Se acontecer, antes de tudo  respire fundo. Depois, se achar que existe de fato algum risco à saúde do aluno envolvido, converse com a coordenação da instituição em que faça a atividade (diretor da escola, coordenador do projeto, etc.). Explique o que te fez suspeitar e deixe que autoridades competentes (como os conselhos tutelares) cuidem do caso.
Este tipo de diagnóstico não é simples e precisa ser feito com muita cautela.
Mas se for o caso, precisa ser feito.

Boa  parte das ONGs e instituições de ensino tem regras já definidas sobre como atuar em casos assim. Descubra quais são e siga-as, se possível.

Algumas sugestões extras:
-Sempre que possível, jogue com as portas abertas. Ou, pelo menos, destrancadas.

-Converse com demais profissionais e adultos antes de começar o trabalho e fale sobre o que as mesas trataram, sempre que possível. Não sobre os jogadores, mas sobre o que a temática foi. Isso evita algumas interpretações errada sobre o
hobbie, sobretudo em RPG.

-Esteja pronto para improvisar. O que achamos que os alunos vão querer e o que eles vão querer de fato, são coisas que raramente coincidem.

-Atenção na linguagem e as metáforas para a realidade dos alunos. Se for falar de um mundo de fantasia, cite "Hobbit" ou "Harry Potter", por exemplo. Ou o que quer que seus alunos assistam, ouçam ou joguem.
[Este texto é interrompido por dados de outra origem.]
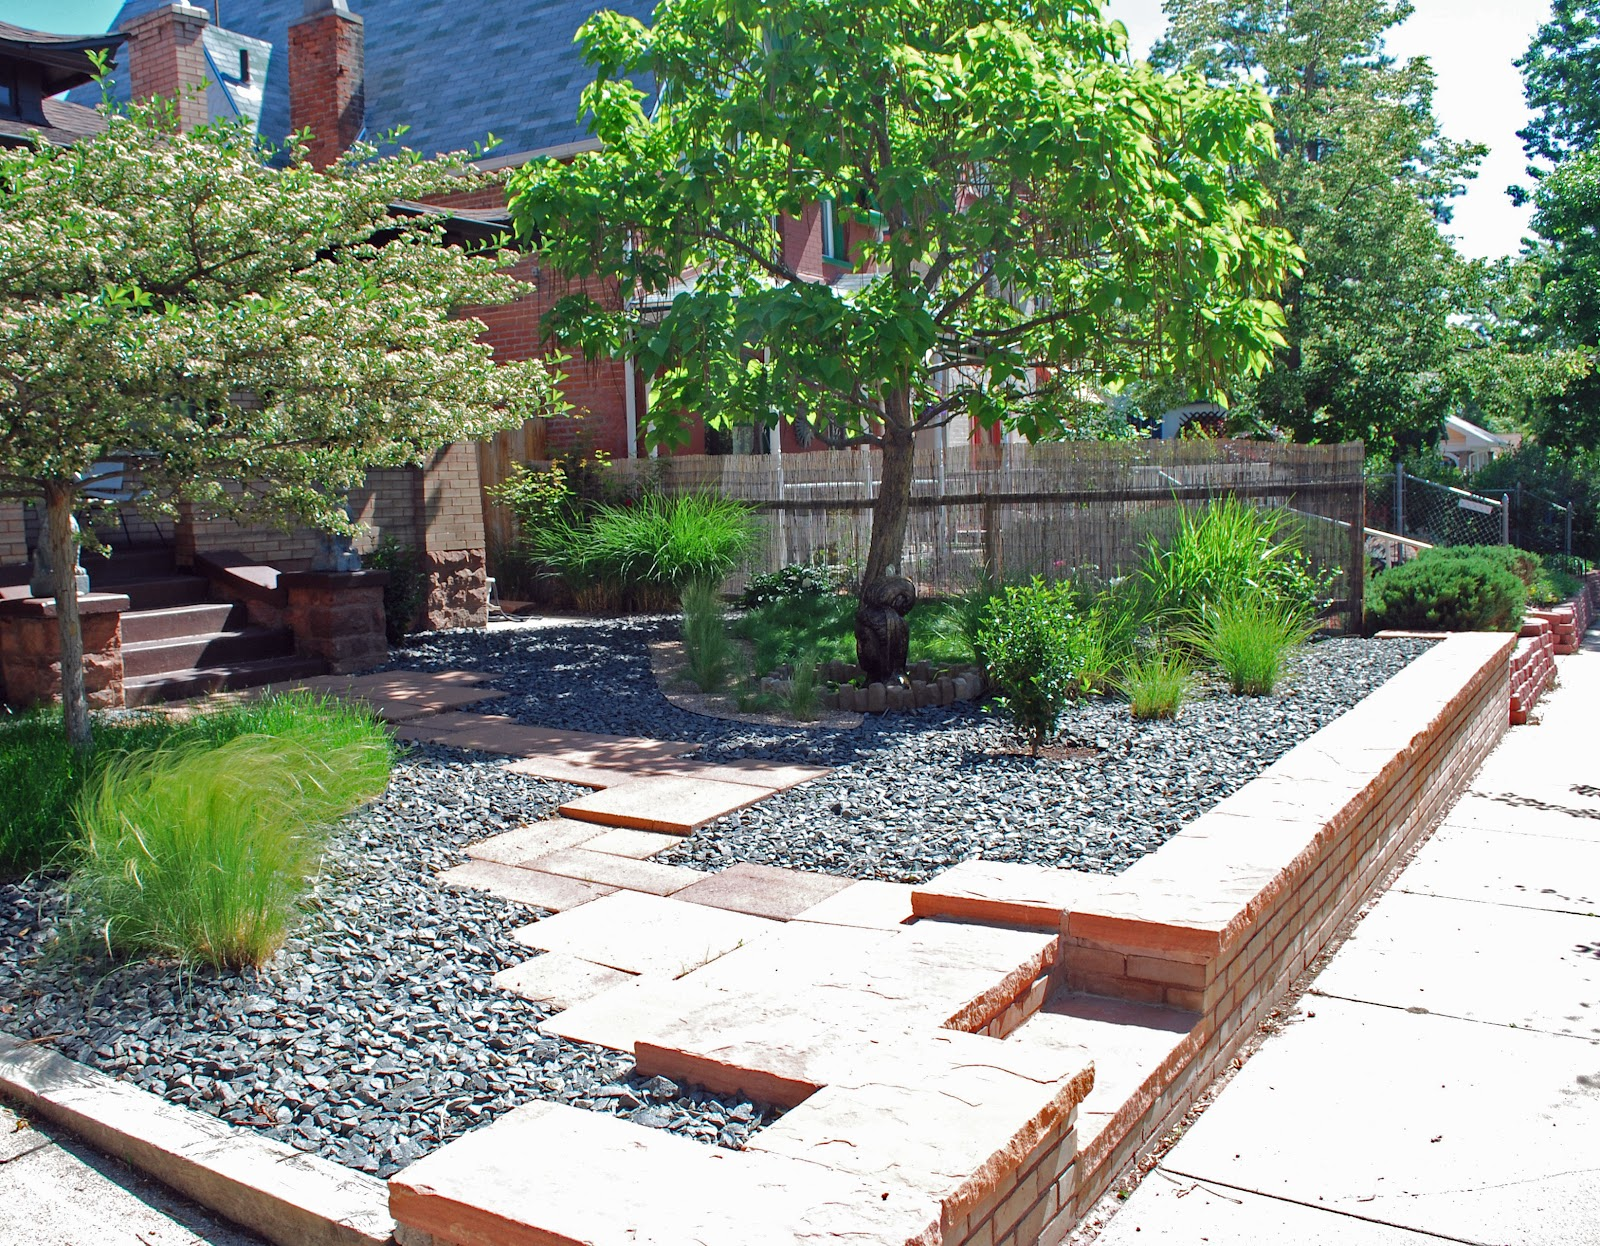 Landscape Design Focus: Low Maintenance | Garden Share Bristol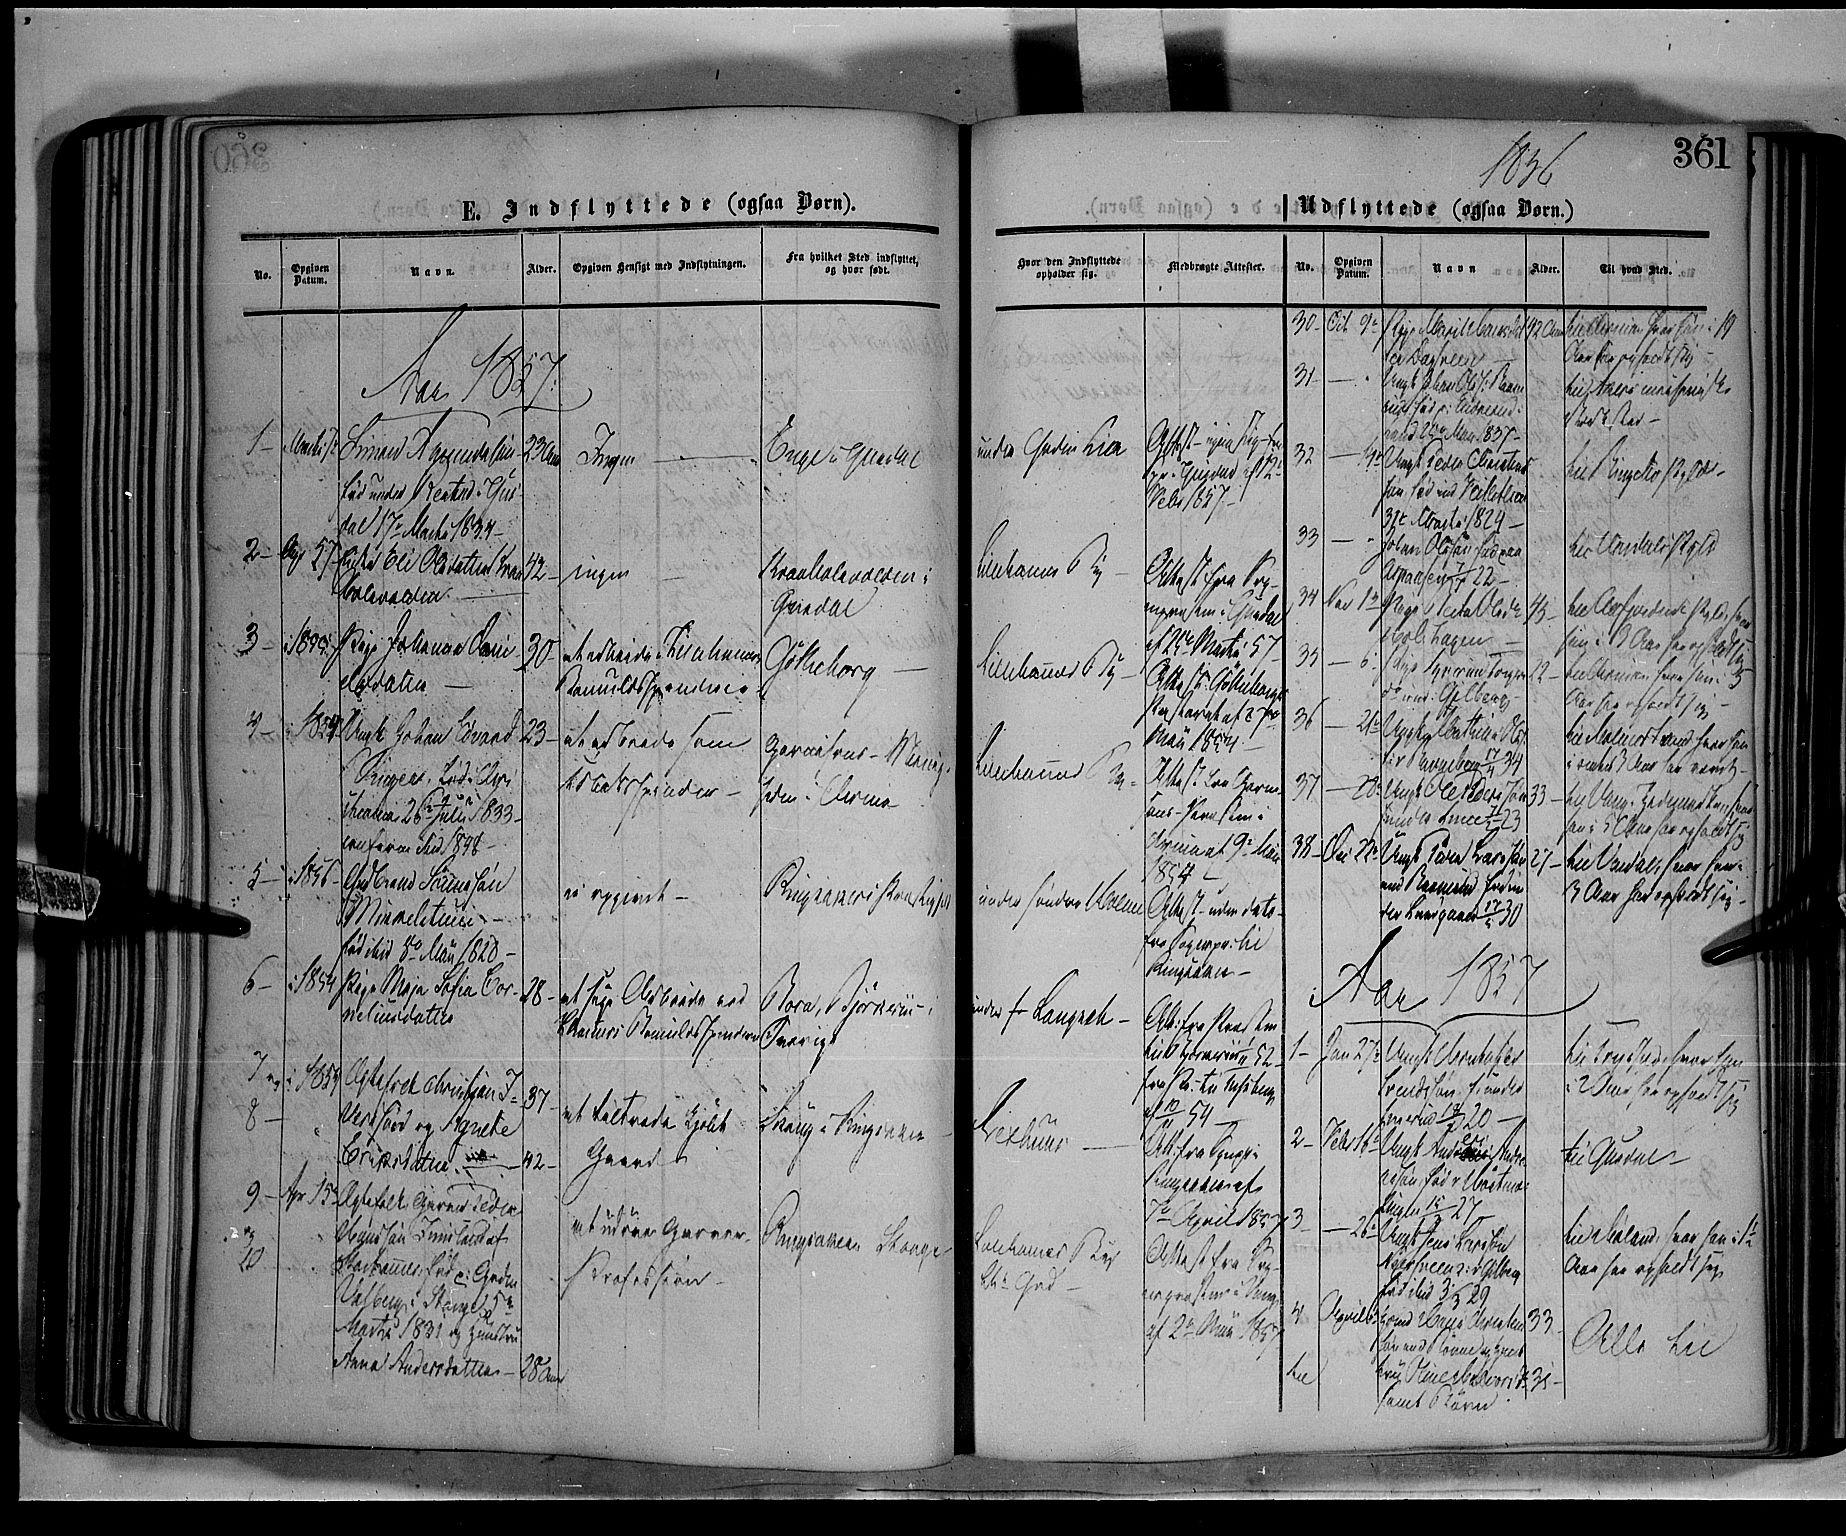 SAH, Fåberg prestekontor, Ministerialbok nr. 6B, 1855-1867, s. 361

-NUNCA marque uma mesa fora da instituição, exceto se com pleno conhecimento e consentimento dos pais. E mesmo nesses casos, em um lugar publico, como uma lanchonete ou livraria (e somente em casos de necessidade).

-Anote o que for sendo jogado. É um bom hábito (que não tenho) e ajuda muito a saber  o que j´pa foi feito e ainda pode  ser realizado.

Um comentário:

  1. Ps: Ao me referir sobre o que deve ficar em uma mesa, digo no quesito de percepções pessoias. Se um aluno parece estar deprimido, por exemplo exceto em casos realmente extremos, isso não é algo a se ficar comentado.

    Falar sobre as mesas em si, que tipo de aventura foi narrada, que soluções os jogadores bolaram, etc, quanto a isso, não vejo problema algum.